Your task is to copy the stretch of lines in the records below that begins with the line containing "Office clipart, Post" and ends with the line containing "REVELL Maket Foose", exactly as written, with nothing added.

### Source information
────────────────
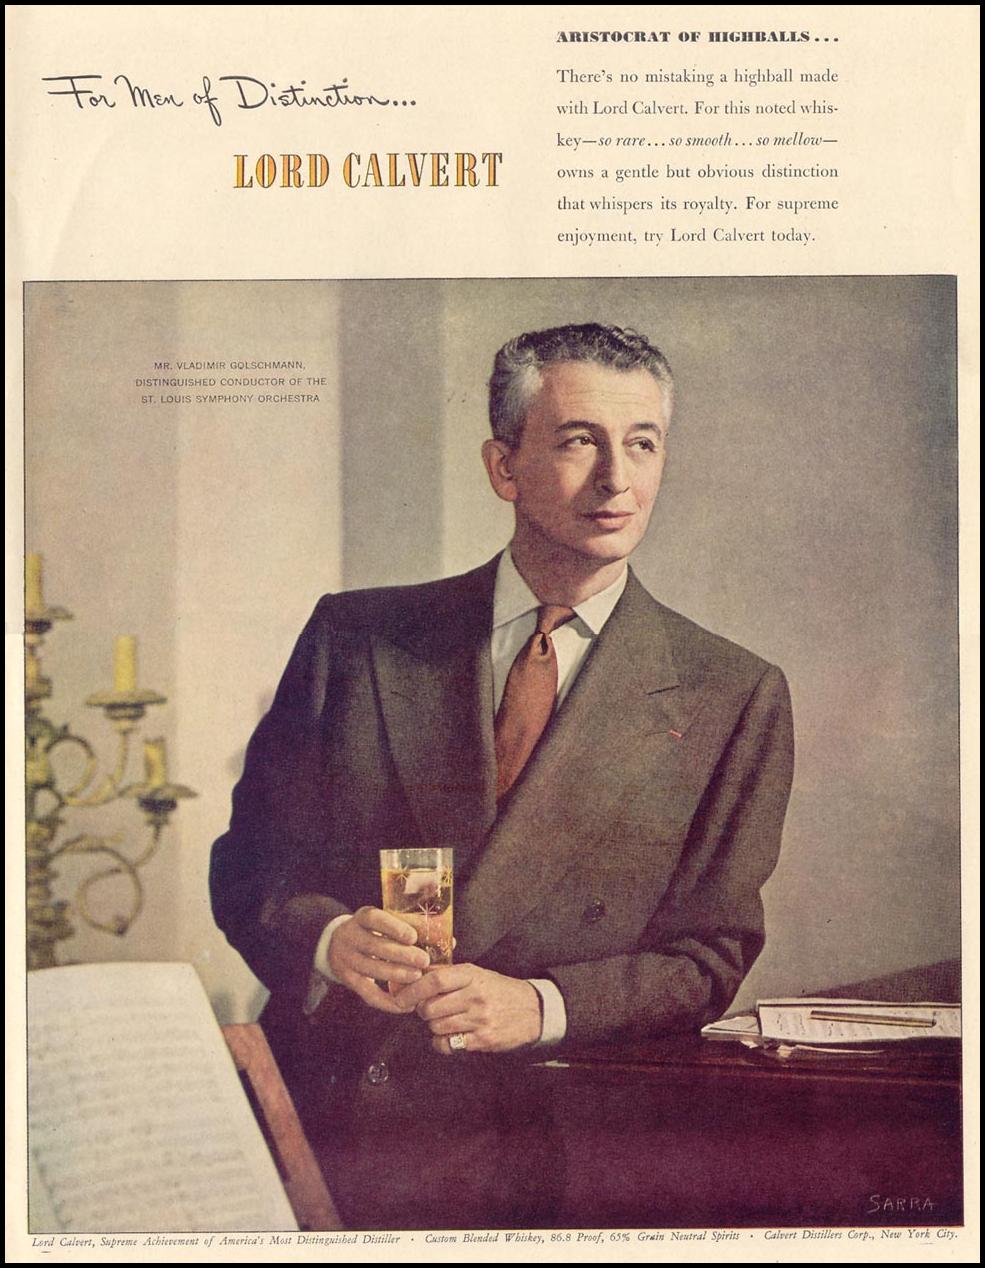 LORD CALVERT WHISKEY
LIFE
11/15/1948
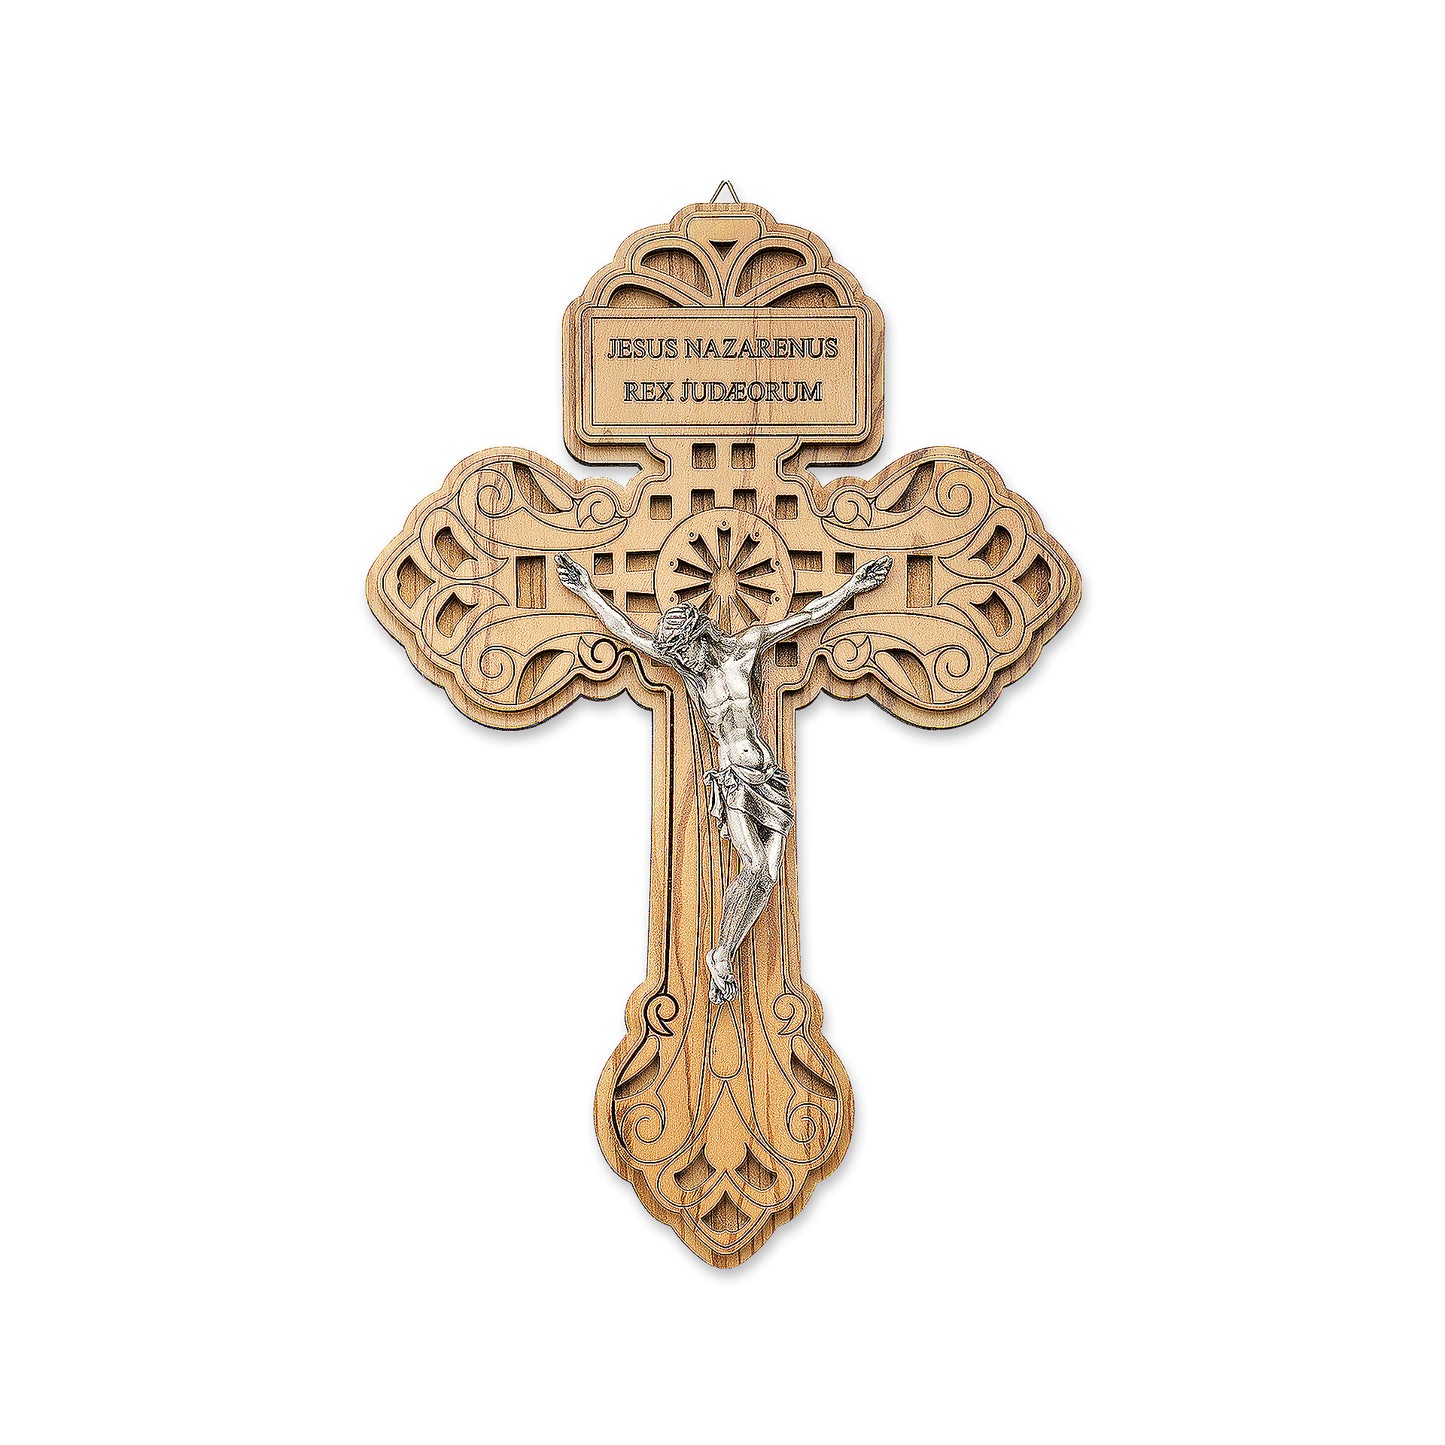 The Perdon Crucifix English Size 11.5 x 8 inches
────────────────
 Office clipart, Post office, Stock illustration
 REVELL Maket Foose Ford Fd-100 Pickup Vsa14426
────────────────
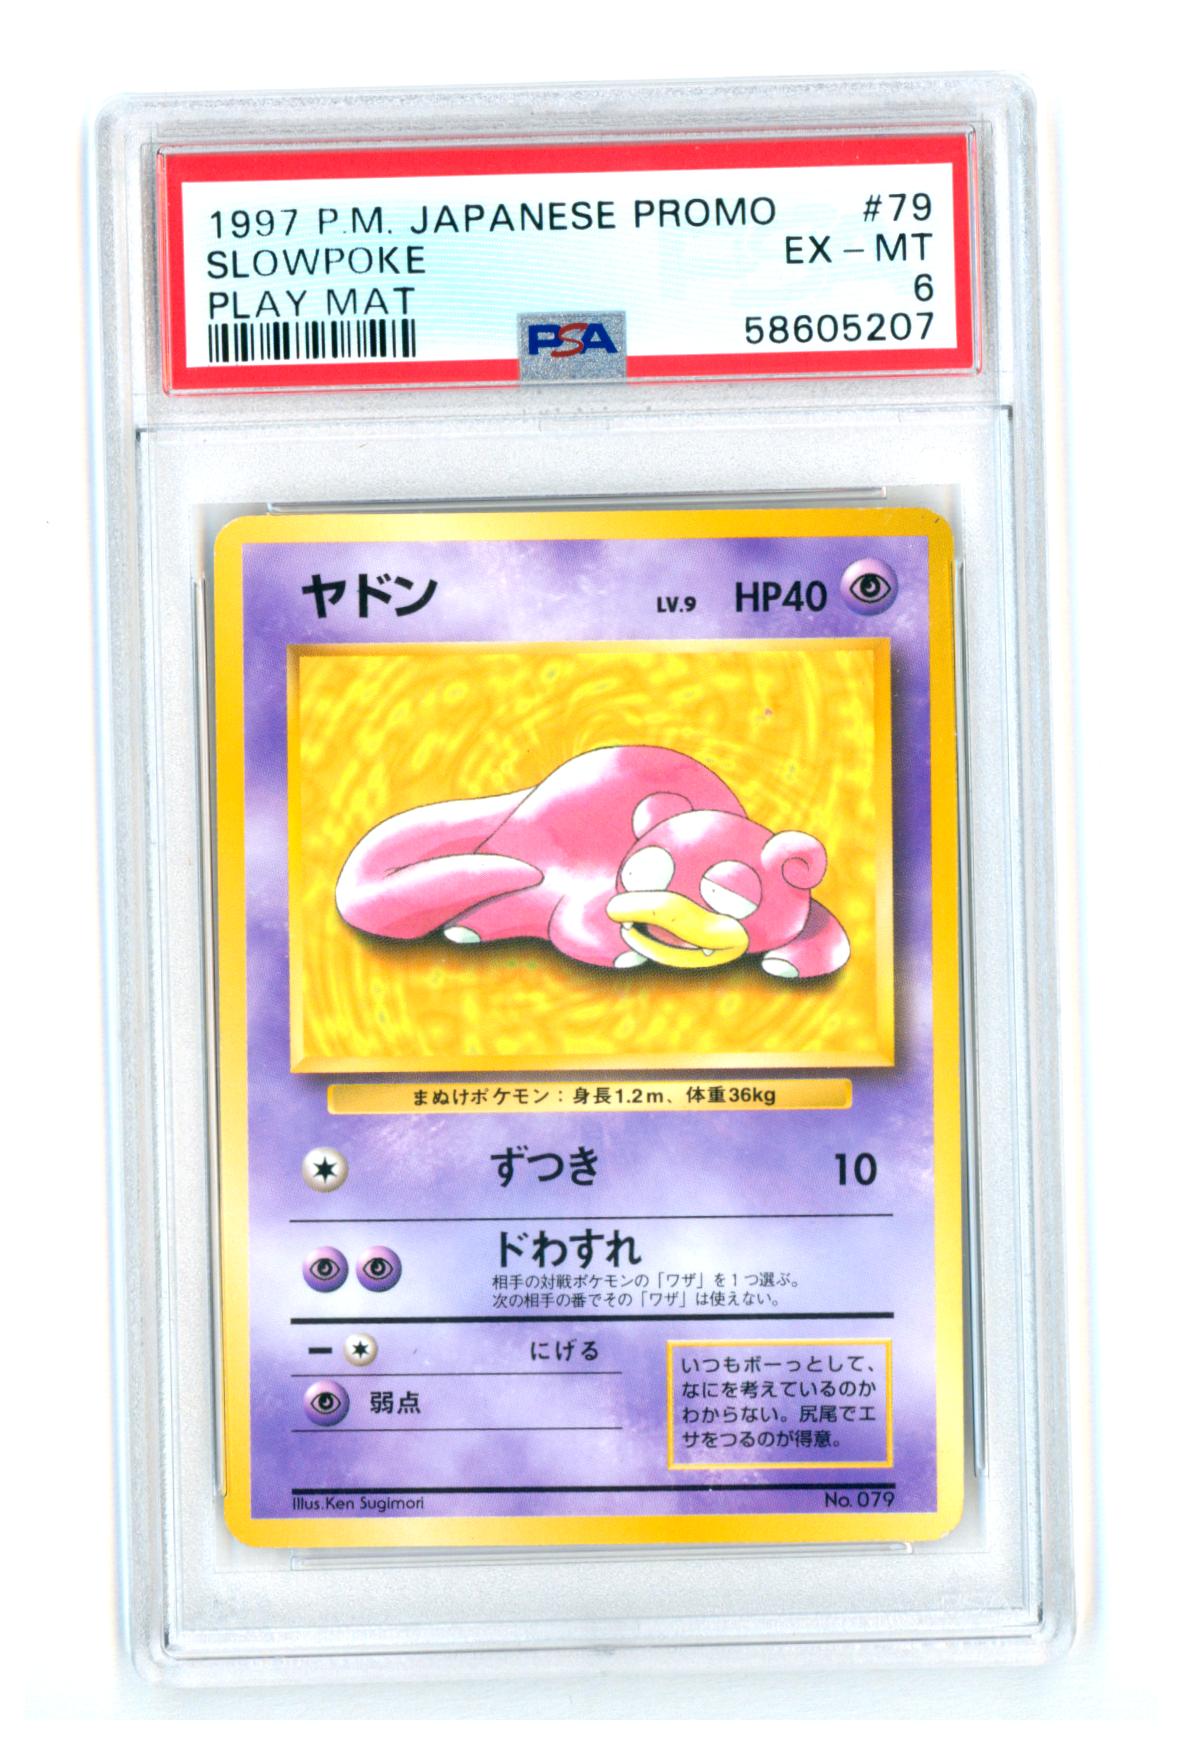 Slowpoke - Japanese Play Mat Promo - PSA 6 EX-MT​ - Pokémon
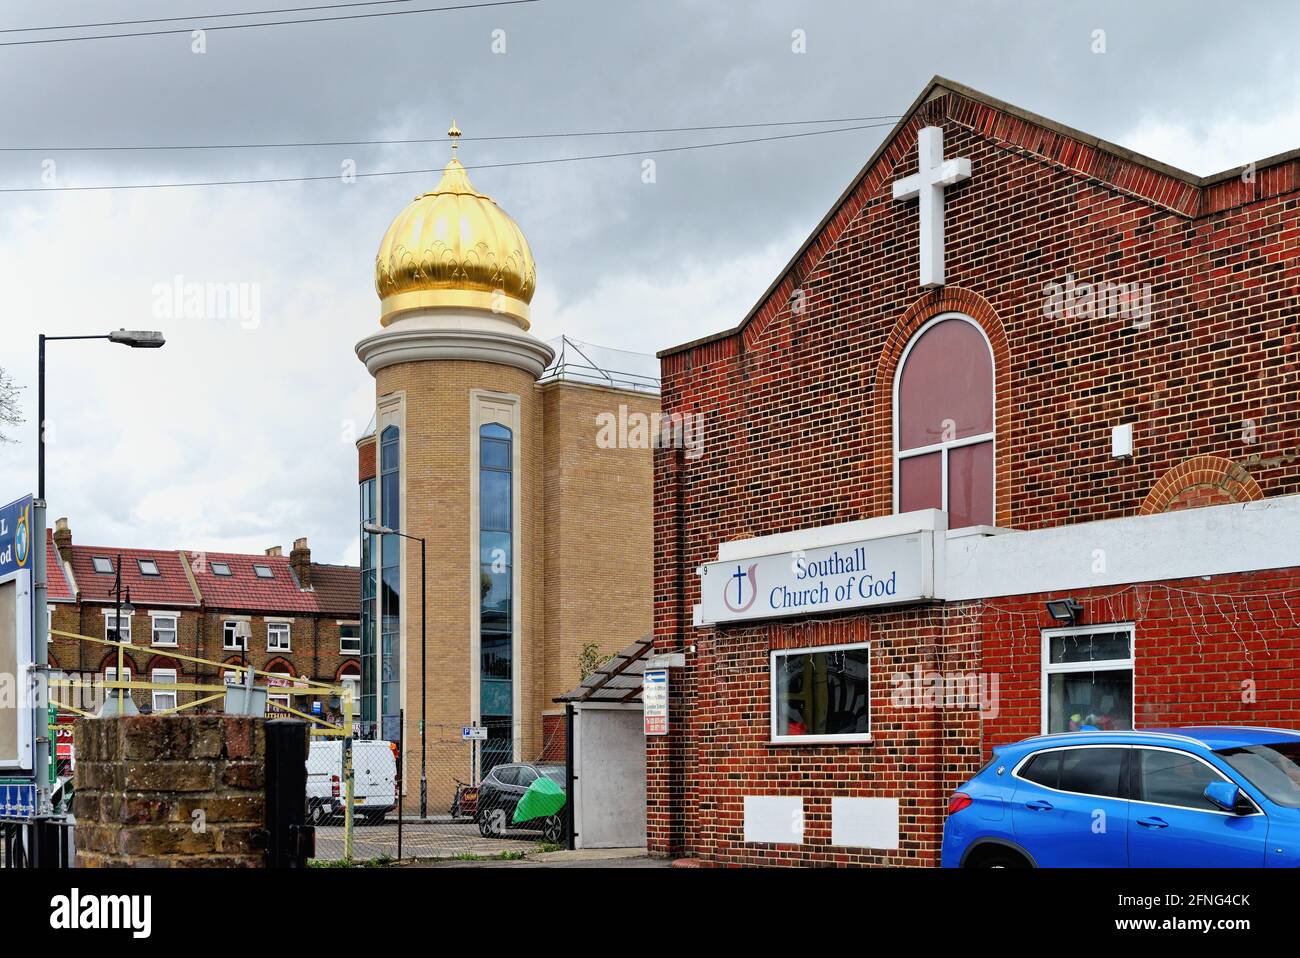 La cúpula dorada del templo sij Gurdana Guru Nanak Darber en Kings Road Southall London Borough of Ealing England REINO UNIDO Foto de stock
────────────────
### Output of the task
 Office clipart, Post office, Stock illustration
 REVELL Maket Foose Ford Fd-100 Pickup Vsa14426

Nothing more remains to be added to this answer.